Cracked Rim

Discussion in 'Bicycle Mechanics and Repairs' started by Kestevan, 1 Jul 2008.

  1. Kestevan

    Kestevan Last of the Summer Winos

    Riding in to work this morning I applied the rear brake and felt a "knocking" on the rear of the bike.

    When I examined the rim, I found a 2mm crack in the side of the rim. I rode the rest of the way to work waiting for the tyre to explode, or the wheel to collapse.

    I'm guessing that the rim is, to use a technical term "buggered". Looking at prices for a new rim and wheel build, it's probably going to be cheaper to buy a new wheel. (existing wheels are the ones supplied with the trek 1200 - tiagra hubs)

    Question is - am i better to get a new back wheel (cheap shimano jobby from wiggle - approx £45) and try to change the casset over (i have no idea how to do this, but i'm willing to learn), or pay approx £60 for a new rim and build from the LBS.

    Money is fairly tight, and I don't need anything overly fancy. Just cant stand to be bike less for long :ohmy:
  2. numbnuts

    numbnuts Legendary Member

    North Baddesley
    You will need these two tools cassette removing tool £4.25, chain whip £5.25 to do it yourself
  3. domtyler

    domtyler Über Member

    If you are short of cash you need to do what is most economical over the next twelve months and that will be a new rim and build at the LBS.

    You won't need to invest in any tools (assuming you don't already own them), it will be far better quality than a really cheap factory made wheel. If it goes wrong you can take it straight back to the shop.

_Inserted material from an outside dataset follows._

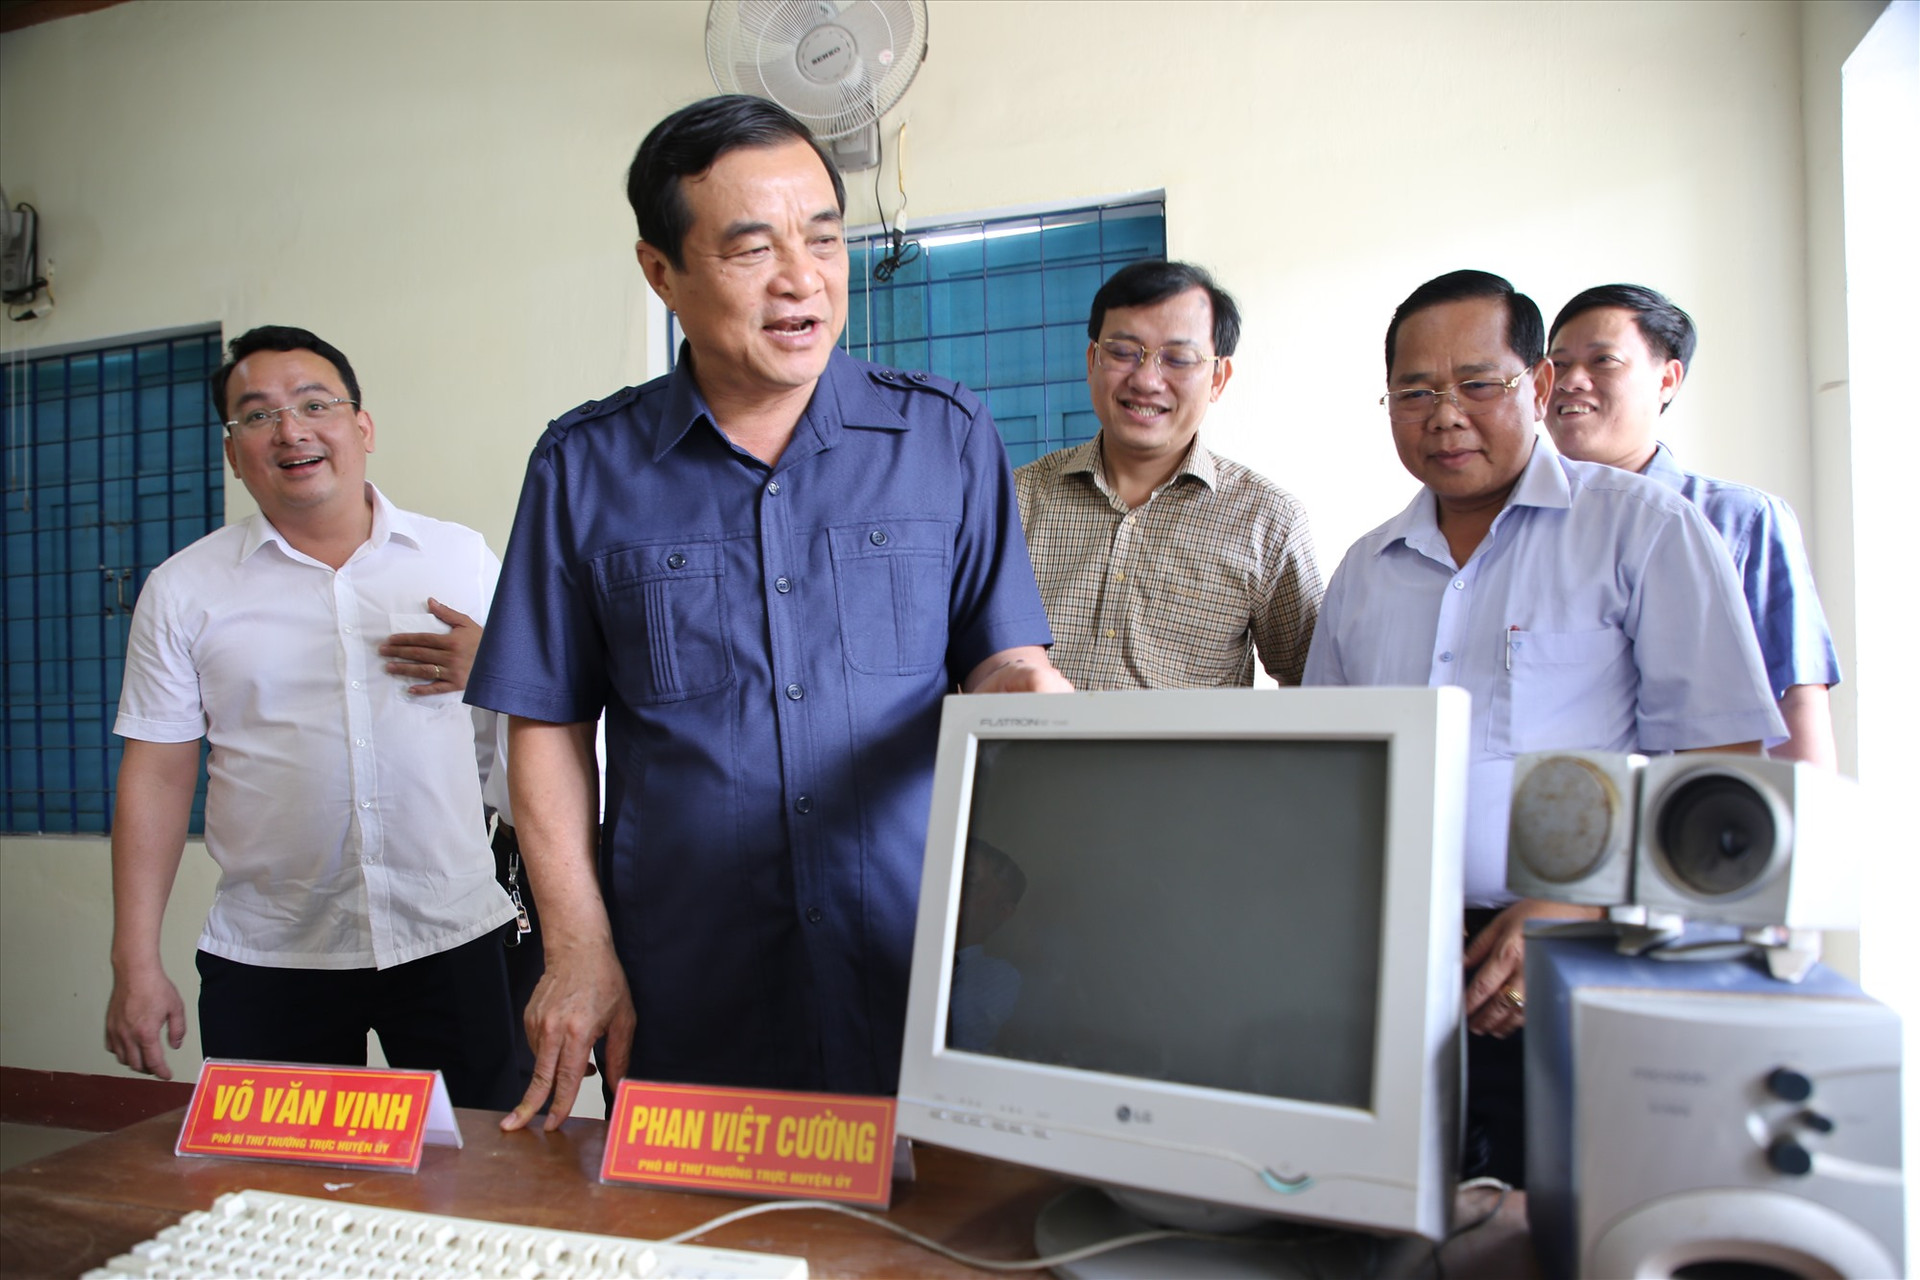 Bí thư Tỉnh ủy Phan Việt Cường xúc động trước bàn làm việc của ông, thời điểm 2004. Ảnh: Đ.N

    What hub is it on btw?
  4. OP

    Kestevan Last of the Summer Winos

    Current hub is Tiagra 4400

    LBS has quoted "about £60.00" for new rim fitting. Almost the same price (if I include cost of tools) as a new Tiagra r500 wheel from Wiggle - seems wrong somehow :ohmy:
  5. domtyler

    domtyler Über Member

    Hmm, you're right! Do you know anyone who could lend you the tools?
  6. Joe24

    Joe24 More serious cyclist than Bonj

    £60 for a new wheel build? The fixed wheel is going to cost about that, and that includes the hub:eek:
    Ask for discount :ohmy:
  7. RedBike

    RedBike New Member

    Beside the road
    The most economical over 12 months is probably going to be the new wheel and tools.

    I would assume that you're going to have to change the chain / cassette at least once in the next year anyway (due to wear) which you'll need the tools for / or pay the shop for.

    Your exisitng hub is probably not in the best condition and will require a good service.
  8. Joe24

    Joe24 More serious cyclist than Bonj

    Unless the chain is changed before it wears the casette out.
  9. gbb

    gbb Legendary Member

    R500 wheelsets, both front AND rear are a bit less than £60...the rear only is about £45.
    Fatbirds did the R500 wheelset for £58. Ive seen them a bit cheaper as well.
  10. byegad

    byegad Guru

    NE England
    Do the job yourself. It's getting the old one off that's difficult and if you begger that one so what, it's already beggered! Once done once it's easy.
  11. summerdays

    summerdays Cycling in the sun Moderator

    Have you checked your front wheel yet?
  12. OP

    Kestevan Last of the Summer Winos

    Slight change of plan. I've sold one of the children to a spare parts clinic in India.

    I've now ordered a spiffing new Fulcrum 7 wheelset (and will be living off beans and rice for the next 3 weeks).
  13. rustychisel

    rustychisel Well-Known Member

    brilliant. Excellent solution, you are now a true cyclist!!!
  14. 02GF74

    02GF74 Über Member

    is the crack radial or circumferentail?

    the latter occur as the side walls wear due to braking.

    if the hub bearings run smoothly, then why replace? bear in mind that as ^^^^ pointed out, you can buy on the 'net a new rear wheel for less the lbs will charge to replace part on yours. even replacing just the rim may prove less economical than a new wheel as the price of individual part will exceed the pricie of the complete wheel.

    the cheapes option is to buy an identical rim and fit that. tape the new rim to the old one and oney by one, move the spokes acorss.

    you will then spend some time truing the wheel and if you aren't very good at that, you can take it to the shop for them to finish.